Legalized Homophobia And Transphobia

It may have come as a surprise to some that lesbian, gay, bisexual, and transgender (LGBT) groups joined the chorus of anti-racist and civil rights organizations that rallied against the “stop-and-frisk” program.  Beyond advocating for racial equality, these groups took issue with the disproportionate number of LGBT people of color who have been stopped by police.  Often, young Black and Latino LGBT people are stopped as suspects for sexual crimes (e.g., public sex, sex work).  In these stops, many are sexually harassed or assaulted by police.

Parallel to blackness and brownness as suspect, LGBT people are legally targeted through the “stop-and-frisk” program often because of their gender expression.  LGBT people, especially transgender and gender non-conforming people, are deemed suspicious because their “appearance transgresses gender norms embraced by mainstream society.”  It turns out that stops based on suspicion of sexual crimes has already been deemed illegal, again by the same judge:

In 2010, in a decision dripping with outrage, US District Judge Shira Scheindlin held New York City in contempt for failing to end enforcement of loitering laws held unconstitutional decades before.
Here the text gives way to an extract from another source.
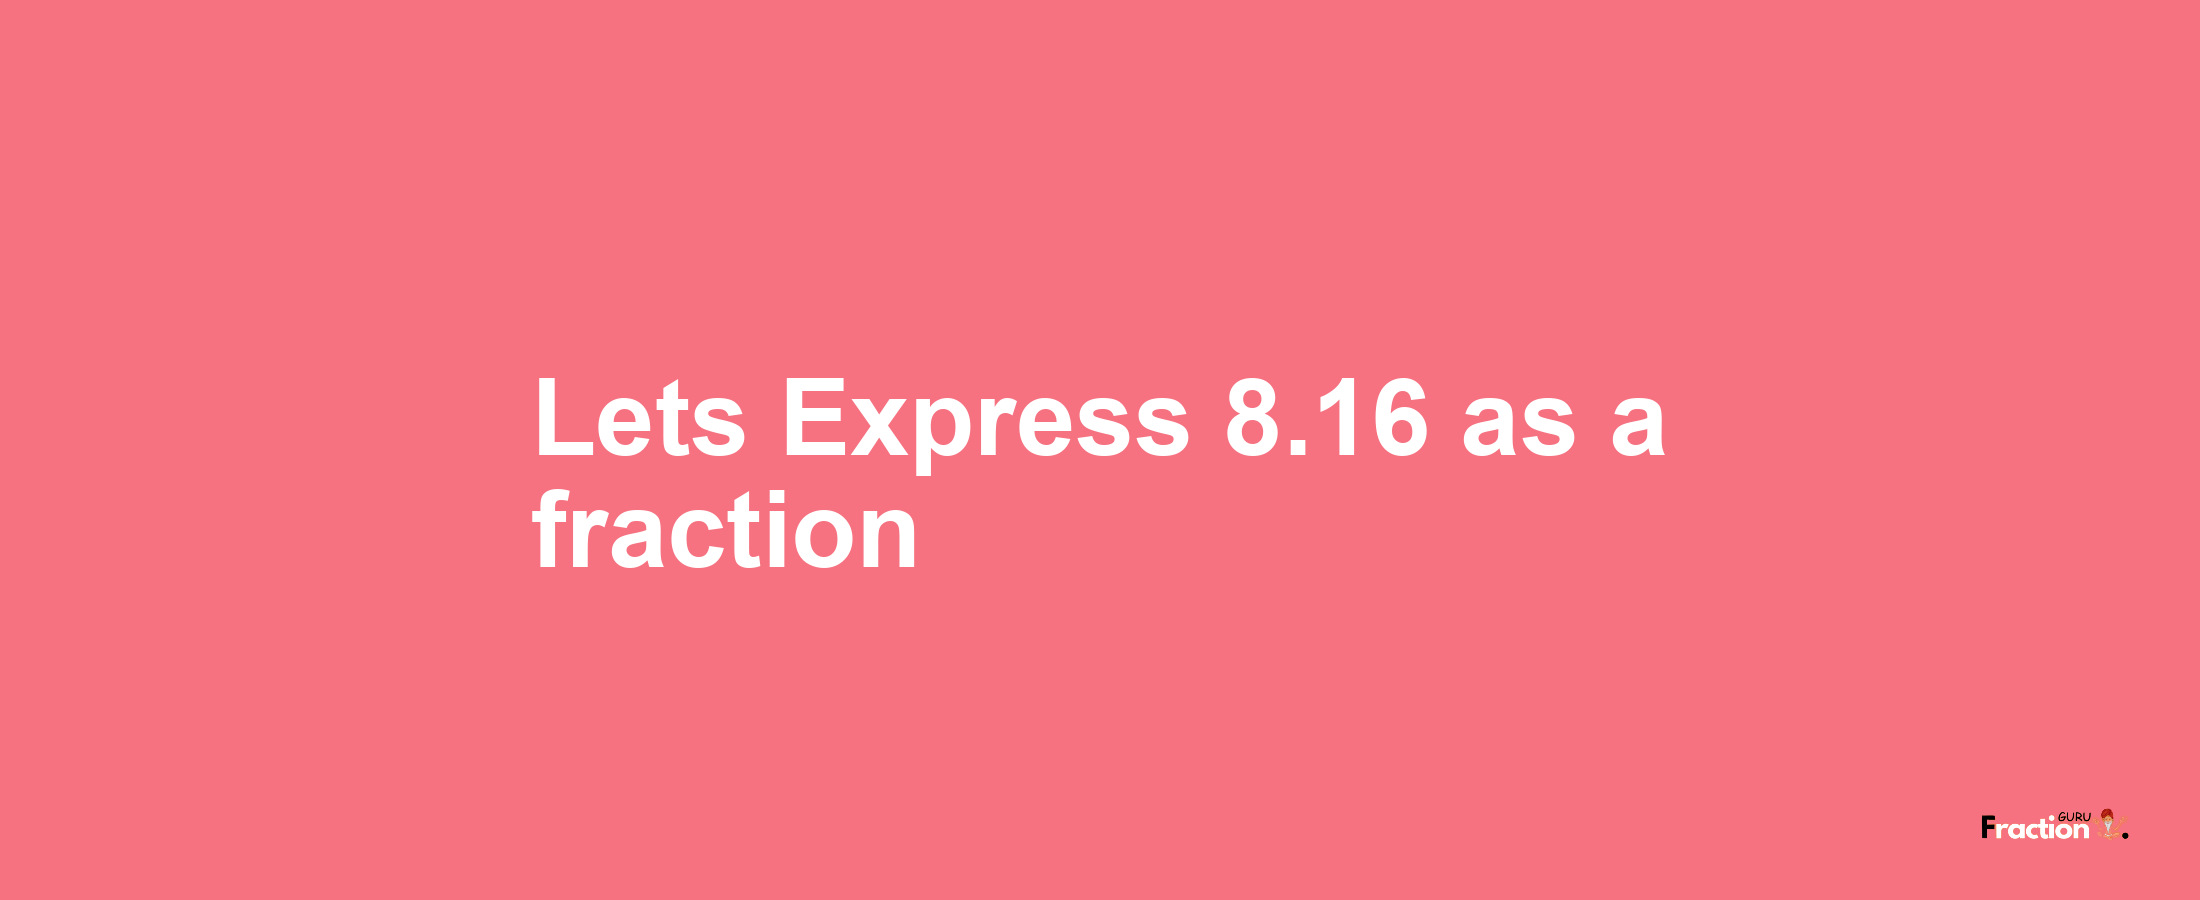 Lets Express 8.16 as afraction

One of the laws at issue was the “loitering for sex” statute that Lambda Legal had succeeded in getting struck down in 1983 by New York’s highest court, shortly after it threw out the state’s sodomy law.

“The human toll, of course, has been borne by the tens of thousands of individuals who have, at once, had their constitutional rights violated and been swept into the penal system,” Scheindlin wrote. “More disturbing still, it appears that the laws — which target panhandling, remaining in a bus or train station, and ‘cruising’ for sex — have been enforced particularly against the poor and gay men.”
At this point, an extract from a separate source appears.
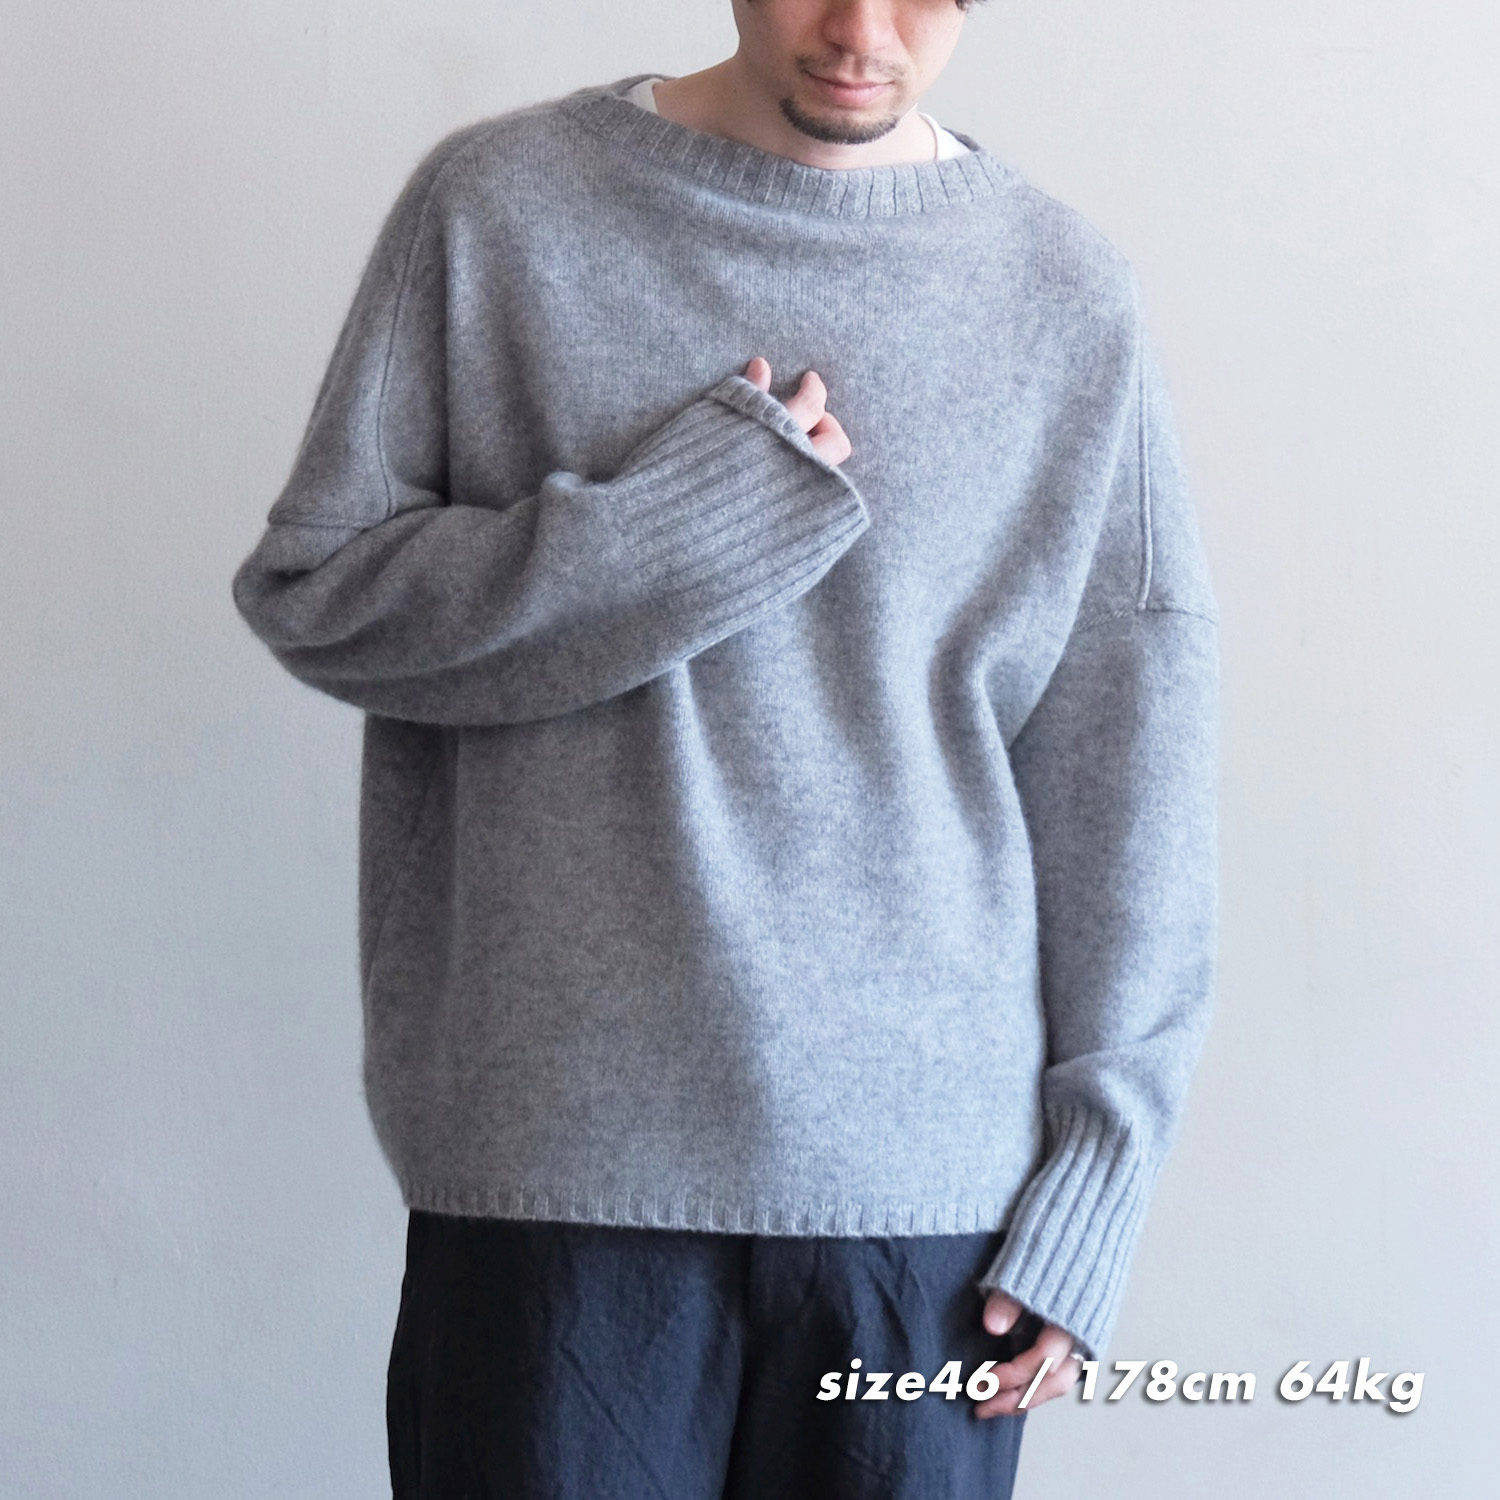 YAM CASHMERE LINEUP | WUNDER

Missing The Complex Reality Of Discrimination Today

The above discussion points to the inability for the law, in its present state, to fully appreciate the complex reality of discrimination today.  One challenge is to prove that a law or program — instances of institutional discrimination — disproportionately affect a particular group (without just cause).  This sidesteps the matter of proving biased or prejudiced intentions, a matter central to cases of unfair treatment; however, the narrow view of the law fails to account for the systemic, wide-reaching influence of systems of oppression such as racism, homophobia, and transphobia.  Indeed, it can be argued that discrimination within one institution (e.g., criminal justice) mutually reinforces discrimination in other systems (e.g., education).  The true challenge, then, is proving when discrimination is not at play, at least indirectly.

The other important matter that is systematically overlooked is the simultaneous, interconnected operation of multiple systems of oppression.  “Stop-and-frisk” reflects the practice of both racism and homophobia/transphobia by police and the criminal justice system.  What, on the surface, appears to be a matter of racial inequality has turned out to disproportionately affect Black and Latina/o queer people.  Another instance of legalized discrimination, the US military’s “Don’ Ask, Don’t Tell” policy, had its greatest effect on Black women.  And, given the greater number of Black same-gender couples who have children, Black LGBT people hold a greater share of the burden created by laws that prohibit or hinder same-gender marriage and adoption.

Of course, greater attention should be paid to the reality that some people are victimized by multiple forms of discrimination (e.g., racist and sexist discrimination).  Yet, discrimination cases that pursue such claims are ultimately less successful in court, probably because the court is unable to apprehend this level of complexity.

The days of explicit, unapologetic racist discrimination are (mostly) gone, and great progress has been made toward equality for LGBT people.  Yet, the task remains to better understand prejudice and discrimination in the new millennium.  There is a great deal of complexity to discrimination that we consistently miss when attending to the discriminatory actions of a few bigoted apples.  We will never achieve full equality, whether in opportunities or outcomes, without an appropriately comprehensive understanding of what discrimination is, how it operates, and how to prevent it.